I have committed cultural faux pas after faux pas in a little less than two weeks here. There are probably plenty more that no one ever brought to my attention as well. Between assuming pedestrian right-of-way at intersections, misunderstanding of tipping etiquette, and too many misunderstandings of the Irish accent to count, I have basically accepted the role of the ultimate foreigner. My most glaring faux pas, and one that I continue to misunderstand, involves walking in malls, sidewalks, and just about anywhere with foot traffic.

I have slowly come to a conclusion that Irish people have no protocol when it comes to which side to walk on almost anywhere. I am speaking about things like stairs, mall hallways, school hallways, and sidewalks. In the U.S., there is a pretty clear understanding that we drive on the right side of the road and walk on the right side of the sidewalk. As an avid runner for years, this protocol is something I have always held near and dear. Seeing someone walking on the left or opening the left door in a set of double doors in the U.S. left me thinking they were either foreign or just plain rude.

When I arrived in Ireland, I was quick to realize that the right side was not the side to walk on. Obviously cars drive on the left here, so it makes sense. It has been a tough habit to break. More than once I have found myself walking in the city centre on the wrong side and veering through a crowd to make myself at least seem a little like a local. I have accidentally held doors for many when realizing I was going out the wrong one. I could not seem more like a foreigner even when wearing my trademark backwards hat, which I was told by my Irish roommates is not something Irish students do at all.

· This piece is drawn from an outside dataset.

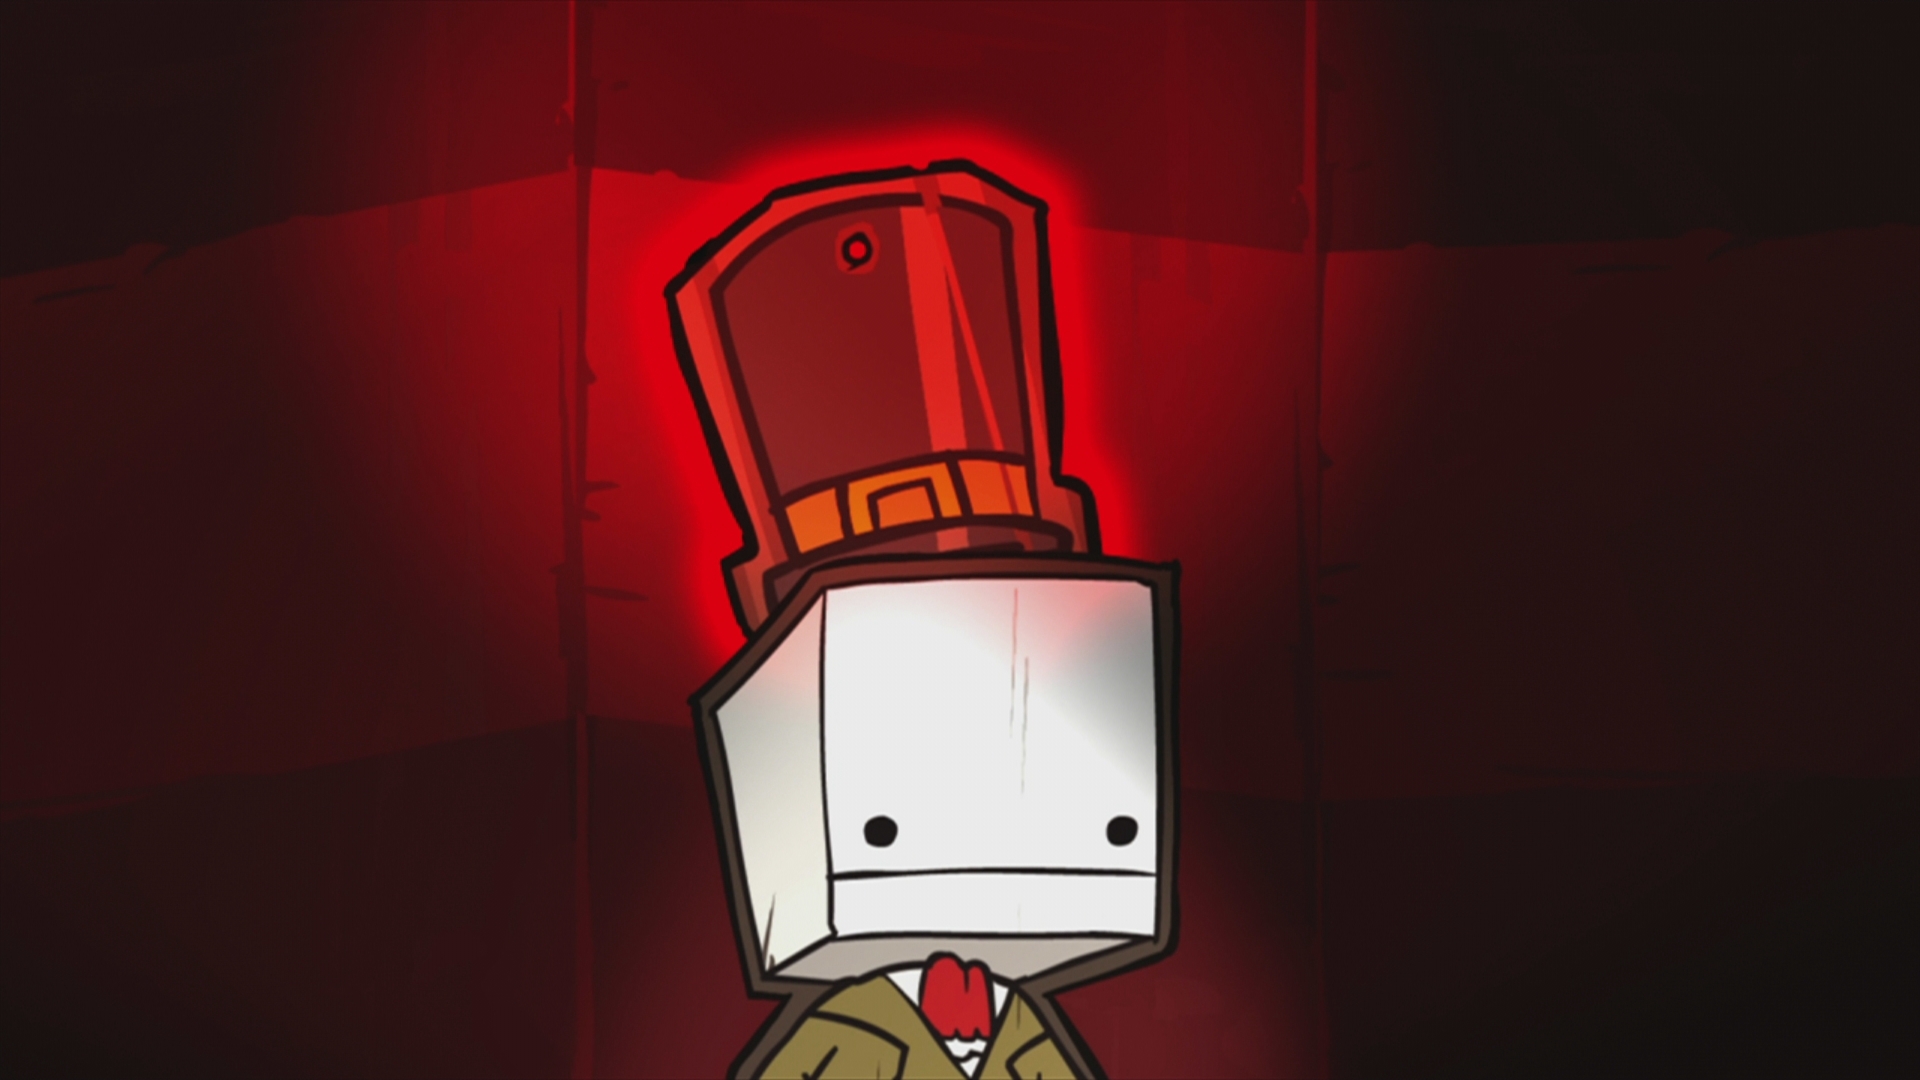 BattleBlock Theater Wallpapers High Quality Download Free.

After getting the hang of walking on the left, I realized something. The locals seem to not have come to a full agreement on this matter. I feel the need to hold a large town meeting or referendum (the latter which the country seems to be very fond of) so we can all agree on what side to walk on. In my experiences so far, cars have agreed to stay to the left almost 100% of the time (at least I hope they will). But I have had a decent-sized minority in the city centre, on campus, and in the mall walk to the right. I have developed a pretty good eye for foreigners versus locals, and most appear to be locals. When I considered this notion, I realized even the doors and revolving doors were not set up in a uniform way to address which to exit from. This leads to awkward run-ins and general difficulty.

The most egregious of the run-ins occurred yesterday. I was walking and chatting with my friends on campus on the left side of a walk in the center of campus. A woman came forward going the way that my American friends and I were all used to. She headed directly towards me. Although she was on the right side, I did not think much of it and slid a little to my right to help her pass. At that instance, she moved to her left, leaving us facing one another. I slid left as she instantaneously matched my move. And again. Finally, we figured this pedestrian conundrum out somehow and went about our days. My friends said the painfully awkward exchange looked like we were about to give each other a hug.

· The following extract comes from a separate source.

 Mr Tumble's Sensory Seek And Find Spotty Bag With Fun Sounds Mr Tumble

Aside from this sidewalk confusion, my only other major complaint is still the lack of pretzels in the grocery stores. So based on these small problems, I am doing just fine. For my friends in America, cherish your continuity in sidewalk etiquette. And send pretzels.

By kennatim

IMG_4358There is a phrase the Irish are very fond of: “It will all be grand.” It basically the Irish answer to “Keep calm and carry on” or “Don’t worry, be happy.” One of our program directors has repeated this mantra to our group of 34 students repeatedly because many Irish customs are difficult to get used to. For example, classes start tomorrow and I am still unsure of what exactly I am taking. This is completely normal for Irish students, whereas in the U.S. I would have already purchased my overpriced textbooks two months ago. Something as simple as the realization that the school library is closed on Sundays can leave a study abroad student’s head spinning.

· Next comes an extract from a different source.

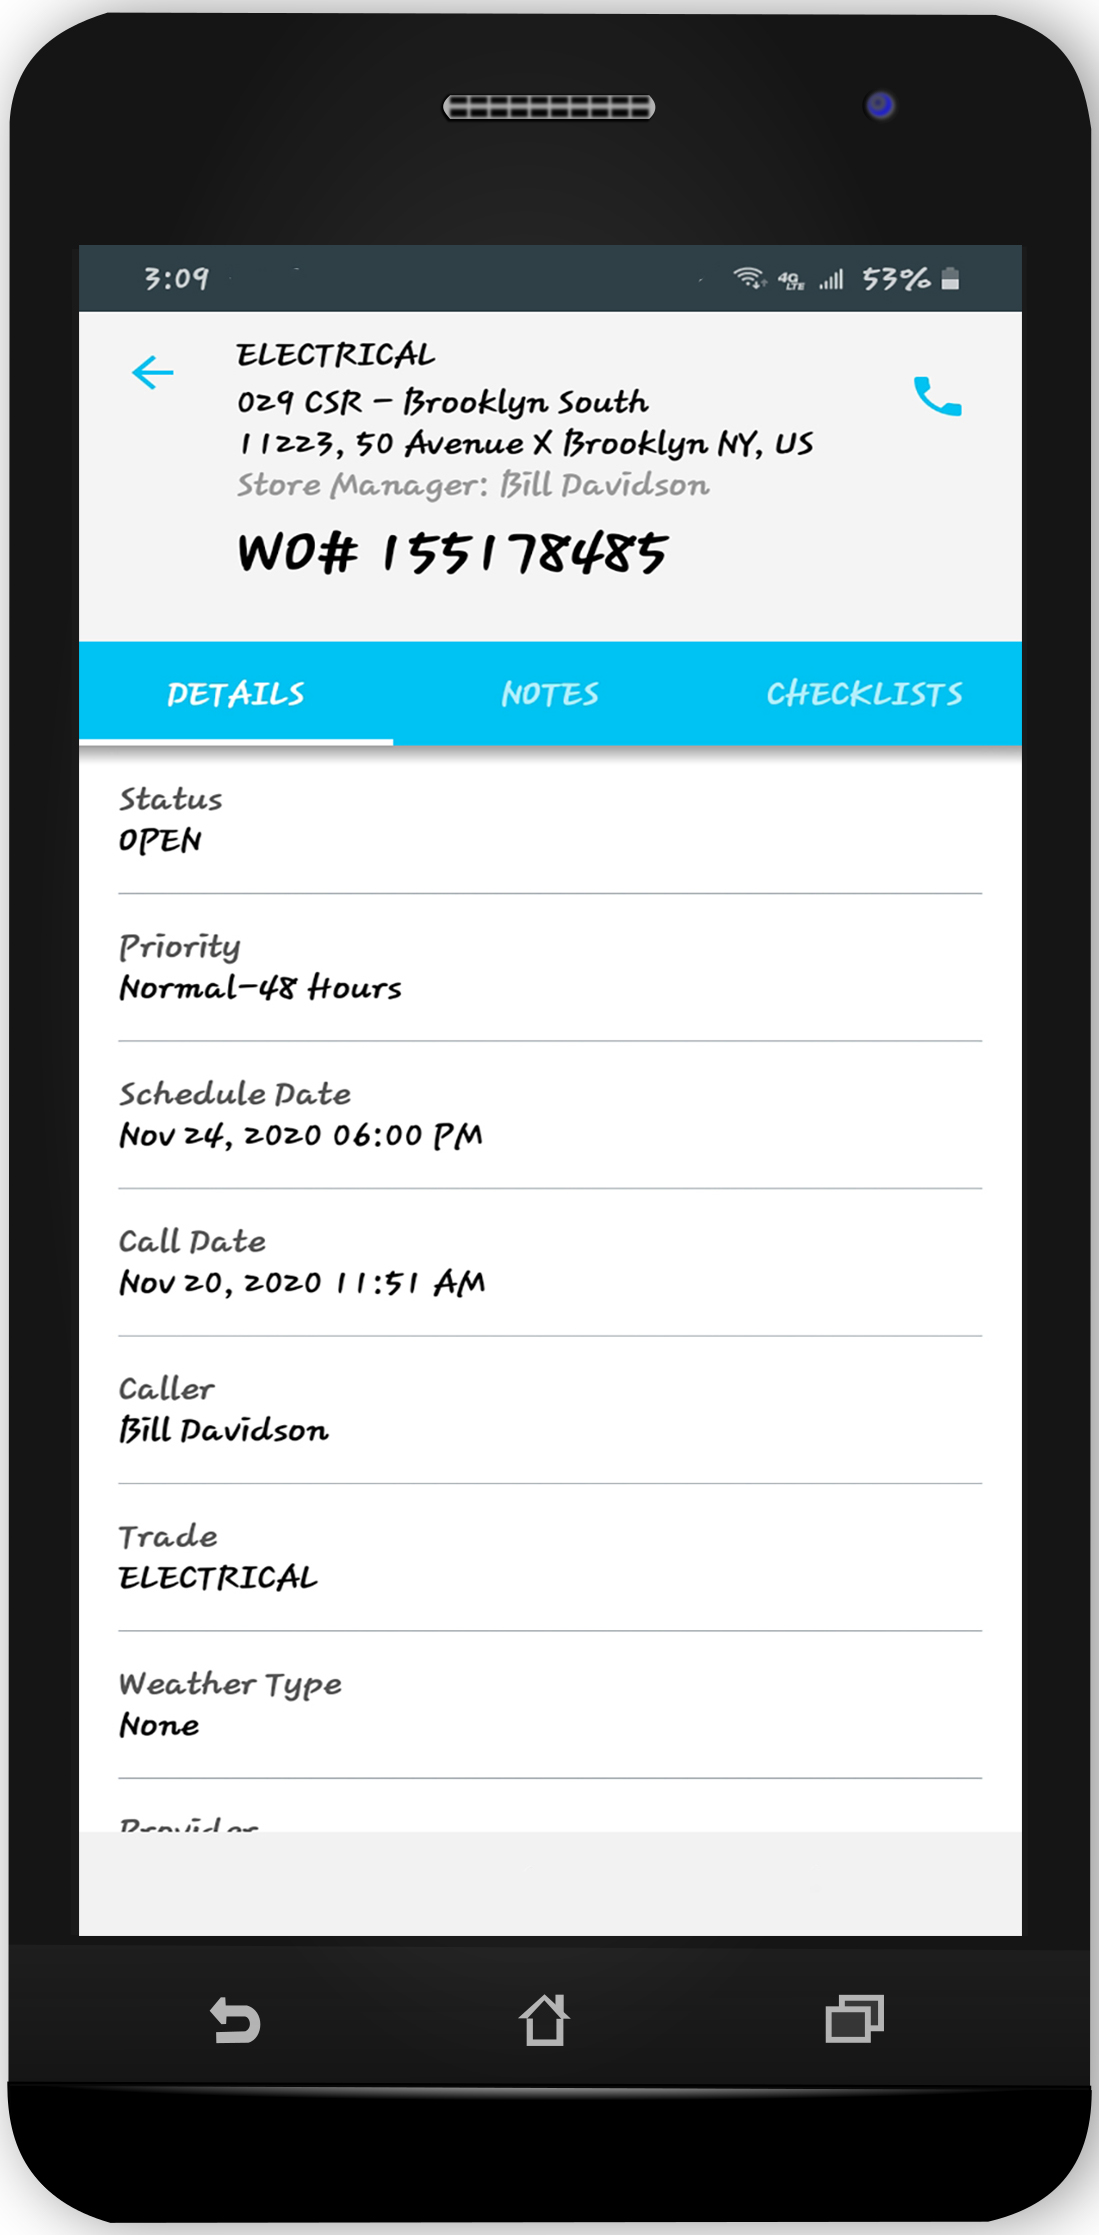 Details of a work order from within the mobile app.

Aside from these minor bumps in the road, the first week has been remarkably exciting. Dublin City University is about a 20-minute bus ride from Dublin City Centre. My friends and I have taken every opportunity to go explore the city and I have felt like I have spent an eternity on the bus. It has not deterred me from having fun, as those bus rides are spent with good friends and, thankfully, free Wi-fi.

The beginning has mostly consisted of trips to the supermarket and mall, get situated, orientation sessions, and making friends. With 34 people in the program, it is interesting to consider the dynamics of friend groups made and changed. The highlight of my week was when I got a tap on the shoulder late one night in the city centre. I turned to find a face it took me a second to recognize. The day before, I had met a group of French exchange students trying to find a basketball to play with at the DCU gym. I joined them. Although our basketball search came up short, it was so funny to find my new friend about 45 minutes from campus. We exchanged Facebook information, and obviously had to take a photo.

One of the biggest challenges for me is just getting accustomed to the cultural differences. The only time I have really gotten homesick was when I was unable to find pretzels in two grocery stores. Getting lost in the city, committing cultural faux-pas (which I will discuss next week) and the academic differences are just a few of the challenges I have faced. I am eager to continue to learn about the city and get used to Irish customs. I cannot wait to feel like a local and be (hopefully) able to be a good tour guide in the city for visiting friends and family.